Saturday, July 14, 2012

France and America United in Revolutionary Democracy

Today, the 14th of July, is the French Feast of the Republic, usually called simply 14th of July by the French. In the English-speaking world, we call it Bastille Day.
The 14th of July 1789 ushered in a decade of unrest and successive government formats. It was a troubled and dangerous time to be French.
But, one thing never changed during the Revolution -- The French wanted to be in control of their lives and their country and they wanted to be free of the absolute monarchy.
Between 1789 and 1799, the French eliminated the monarchy, feudal forms of land ownership and tenure, aristocratic and religious privileges, and replaced them with the sense of the Rights of Man -- liberty, equality and fraternity.
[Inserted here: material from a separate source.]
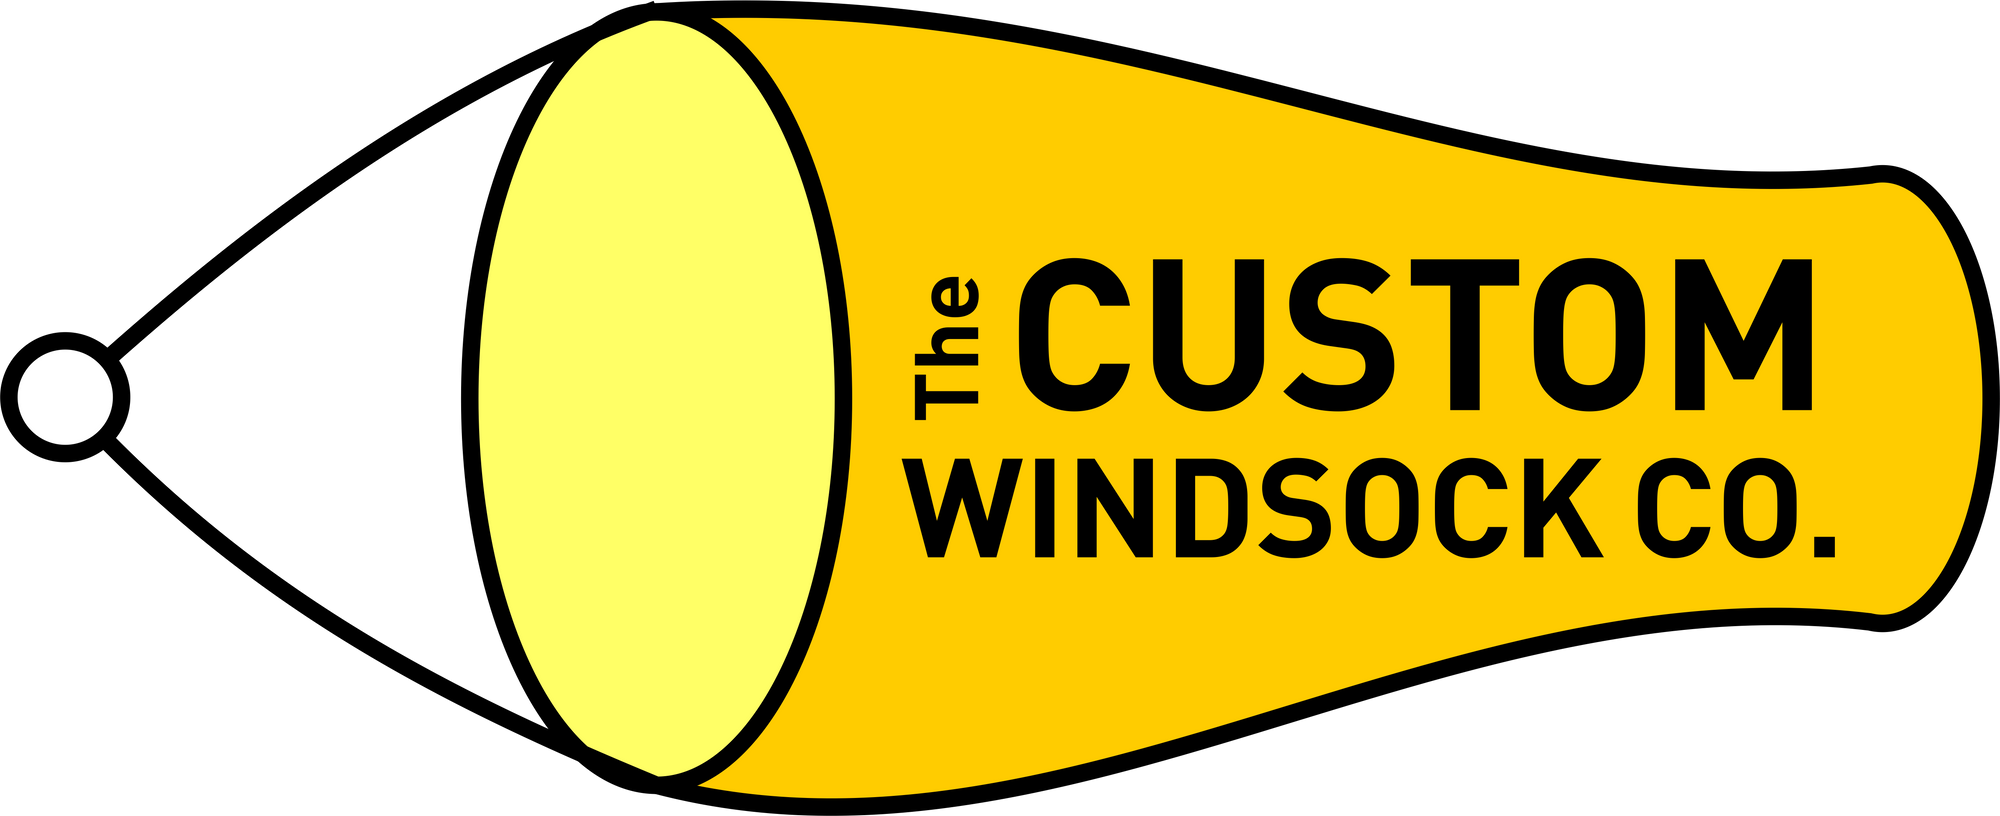 The Custom Windsock Company logo

That is, the notion that there are unalienable rights inherent in every person and that citizenship should be based on birth, ideas which were called the Enlightenment in France, a name that became the label for the entire period in European history.
Surprisingly, the Revolution leaders, which had formed an Estates General in 1789 to serve as a national assembly, tried to keep the monarchy intact as a constitutional monarchy, but the right-wing efforts around Louis XVI made this idea collapse, and the King was guillotines in 1793, and his wife, Marie-Antoinette, later. This led to the beginning of what is today the National Assembly, the French Congress.
There were mass marches, barricades in the streets of Paris (think of Les Miserables), and the rise of predominantly left-wing political groups (think of Robespierre and the Reign of Terror of 1792-94 in which tens of thousands of French were guillotined simply because they were aristocratic by birth or disagreed with the extremism of what had become a virtual dictatorship under the Committees of Public Safety, even if they had supported and worked for the Revolution). Robespierre was himself finally guillotined, opening the way for the Directory, which put civil order into the period.
What we call the French Revolution actually began to be called that by the French in 1792, with the military expansion of the Republic into northern Italy, The Netherlands, Belgium and some territory west of the Rhine that touched what is now Germany. These territorial conquests had been attempted by the monarchy but had never succeeded.
These conquests led to the rise of Napoleon Bonaparte, who took control of the French government in 1799, forming the Consulate that was the beginning of the modern period of French history.
The French political and social upheaval of the 1790s is the foundation of the modern era in Europe, with the rise of democratic assemblies, constitutional monarchies without real power, ideals around the concepts of liberal democracy, and the spread of modern secularism in which political states were freed of religious constraints.
So, as you think about France today, dear readers, think also about its key place in modern democratic history. It has been alive almost as long as the United States, although it was formed with much more internal unrest and bloodshed.
Not surprisingly, Benjamin Franklin and Thomas Jefferson spent time in France during the period leading up to the French Revolution, bringing with them the ideas of John Locke as developed in the American colonies in their fight against the British monarchy.
And, the Count de Lafayette, who was the first French military supporter of the American Revolution, was spared the guillotine because if his work in America. His statue in Washington in Lafayette Place facing the White House is evidence of his importance to the American cause.
Vive la France! Vive la Republique!
And may America and France remain united forever in the cause of human dignity and civil rights.

2 comments:

  1. Independence is grossly underestimated.!!!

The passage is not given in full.